We stared at him. He glared back, fuming. "We're pointless now! Good publicity for the government, nothing more. Oh how wonderful, they won the war for us, goodbye. They'll never remember us. We'll just die, rot away, nothing more than faces in the pictures. How can all those days, hours, seconds we sacrificed be nothing more than--" 

"Just shut up!" I yelled, unable to bear it any longer. Duo shut up immediately. Into the silence, I spoke softly, but bitterly, "We were supposed to die in that war and we survived. It's our fault for not obeying orders." 

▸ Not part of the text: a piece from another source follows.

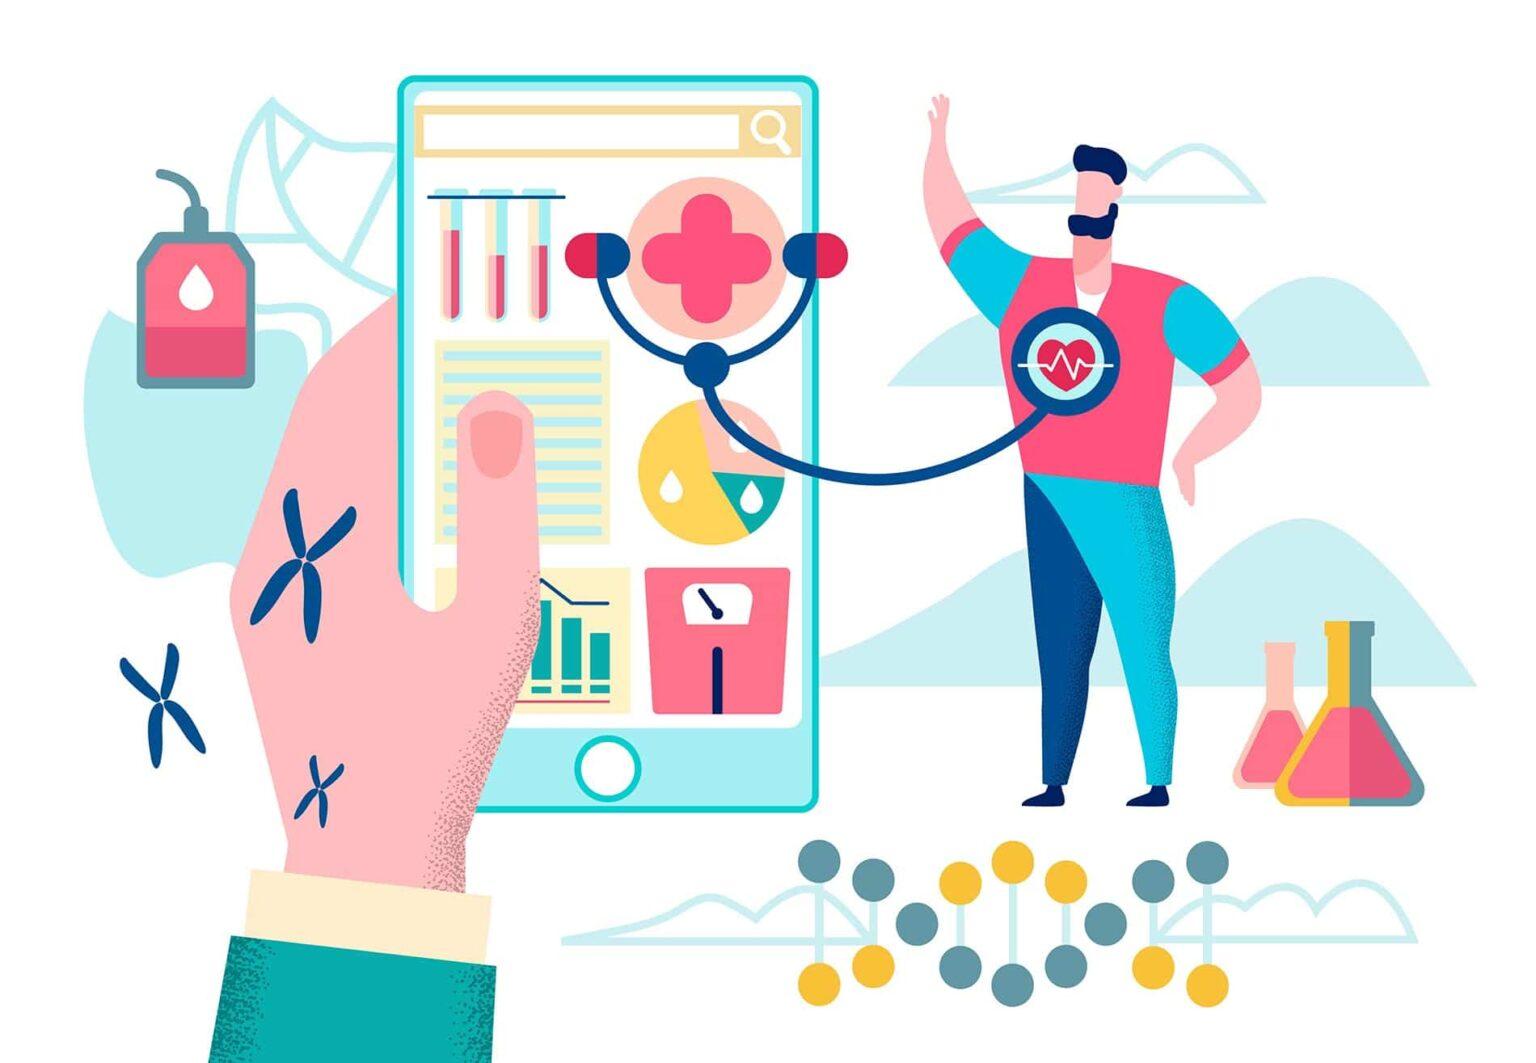 Online doctor consultation - Healthcare IoT
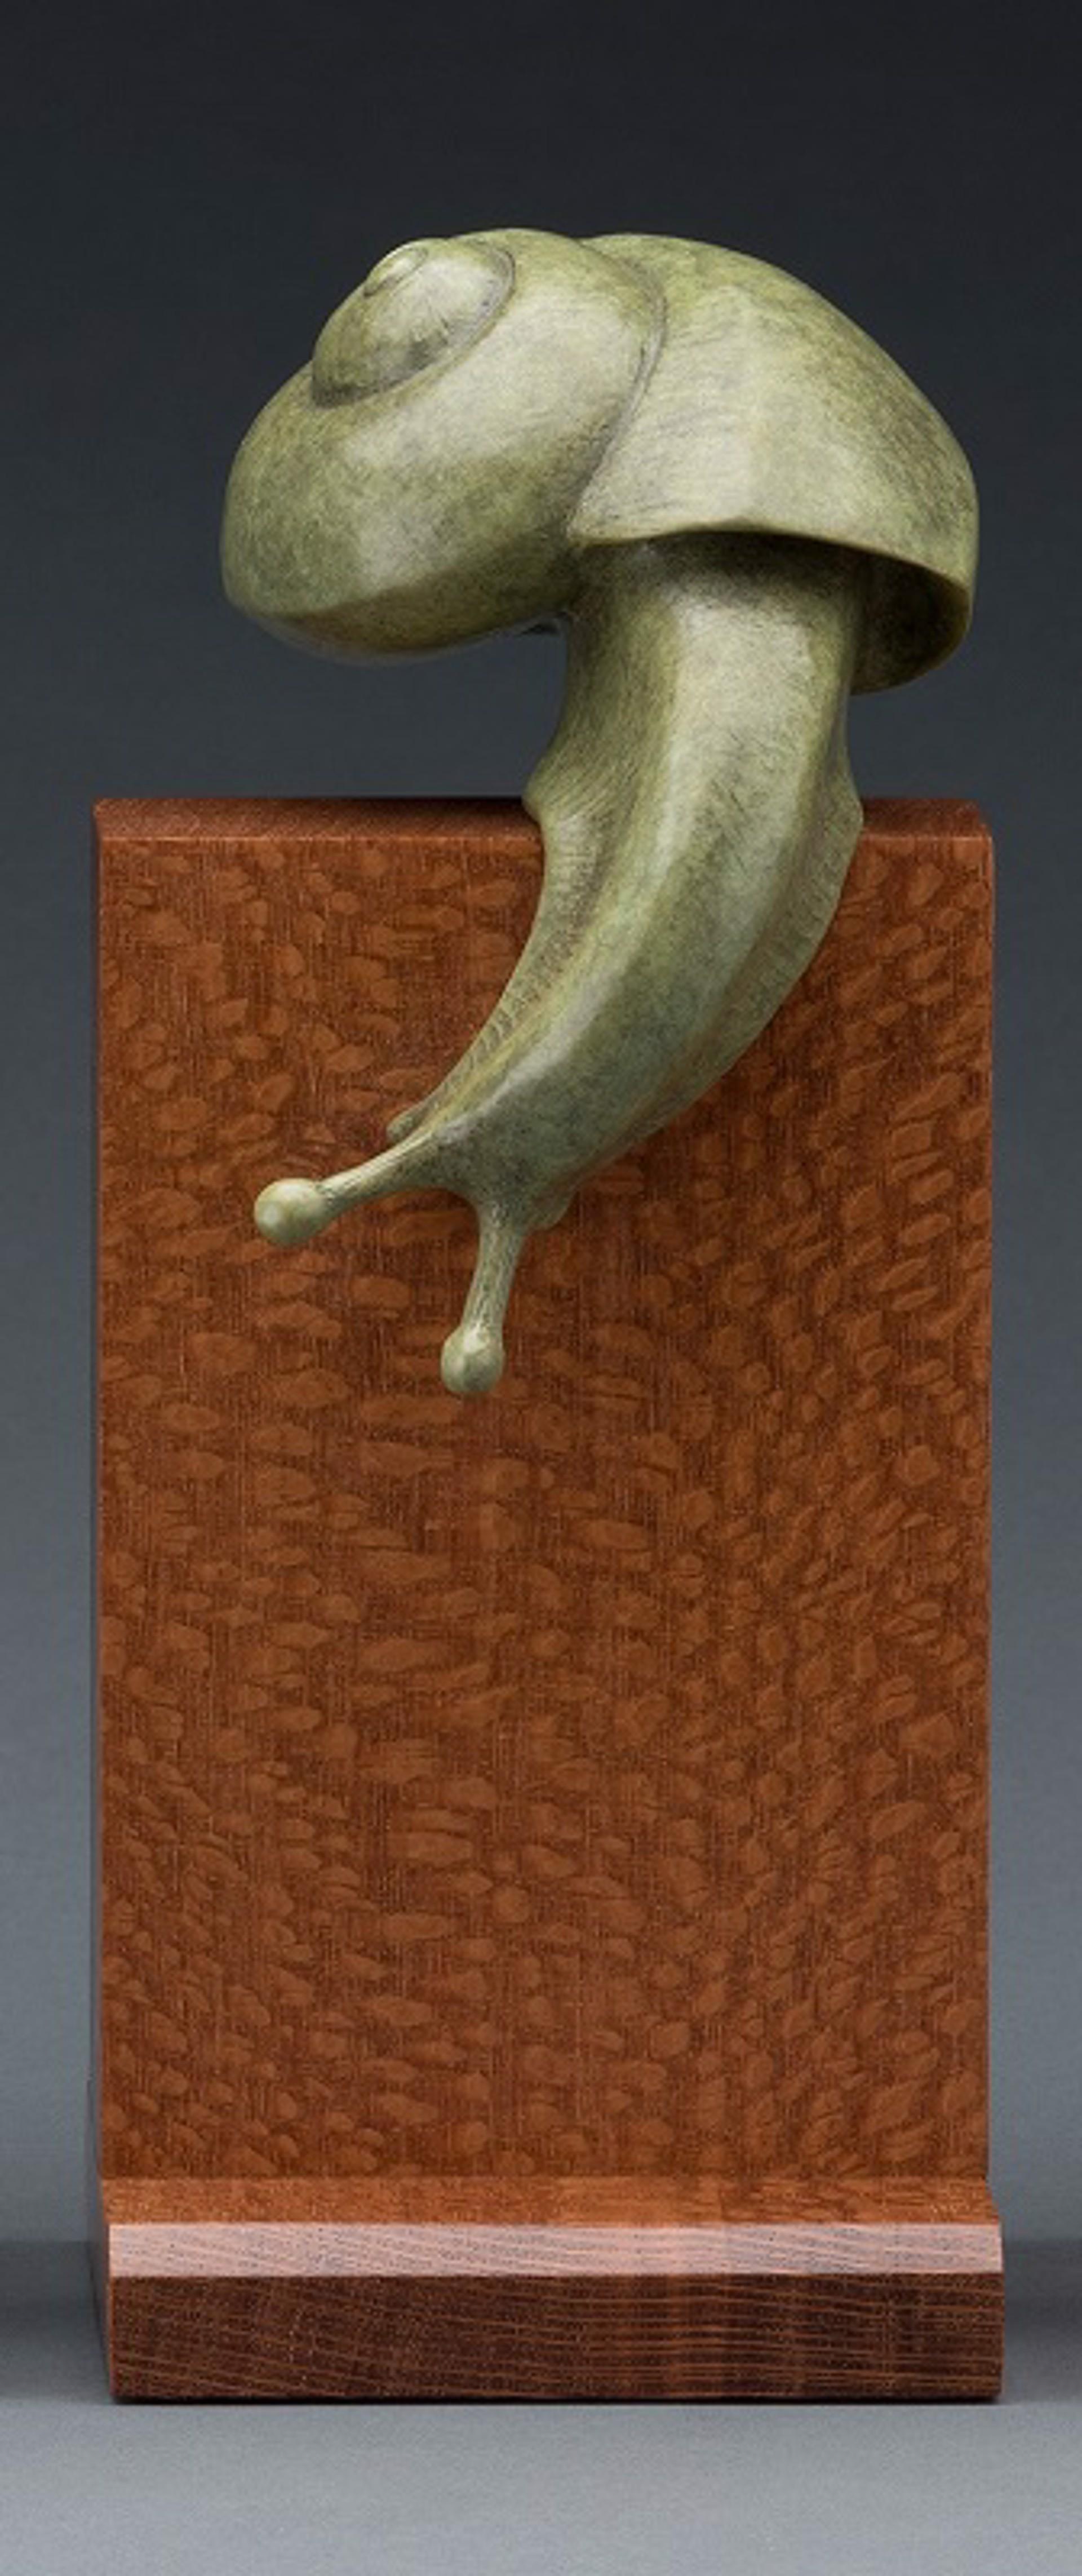 Snail by Tony Hochstetler

"Well, looky here, Mr. Yuy, freakin' Perfect Soldier, I never intended to obey those orders! I was all plannin' on livin' through this war, don't involve me in your stupid self-destructive death wish!" 

I flushed angrily. "If you were intelligent enough to notice, you'd have seen that I was being sarcastic, O divine personification of Death!" 

He looked away from me. "But I _am_ Shinigami, I've never stopped being Shinigami…" 

He crumpled, drawing his knees up to his face to hide the tears running down his cheeks. "I was going to kill all of them for what they did. I was going to give everyone of those bastards a taste of all they did to me when they took away my only family. I was going to condemn myself to eternal damnation so that I could revenge their deaths. But the bastards still survived, and everything I lived for is dead." 

Quatre silently sat down next to him, letting the boy cry on his shoulder. His eyes were bleak and empty, and I knew he was thinking of the colonies he had destroyed in revenge for the death of his father. The rest of us stared into ourselves, locked in our own personal tragedies. 

Eventually Duo's gasping sobs quieted to whimpers, and he could look up again without being ashamed. "Hey, guys," he asked listlessly, "what would you pray for on New Year's Day?" 

"Justice," Wufei answered immediately. 

"No, I mean, for yourself. If it was a completely selfish prayer." 

"Justice." 

Duo groaned and flopped over on the coach, turning his back on us. "Forget it." 

To my surprise, Trowa said musingly, "I'd want…to be forgotten. And nameless." 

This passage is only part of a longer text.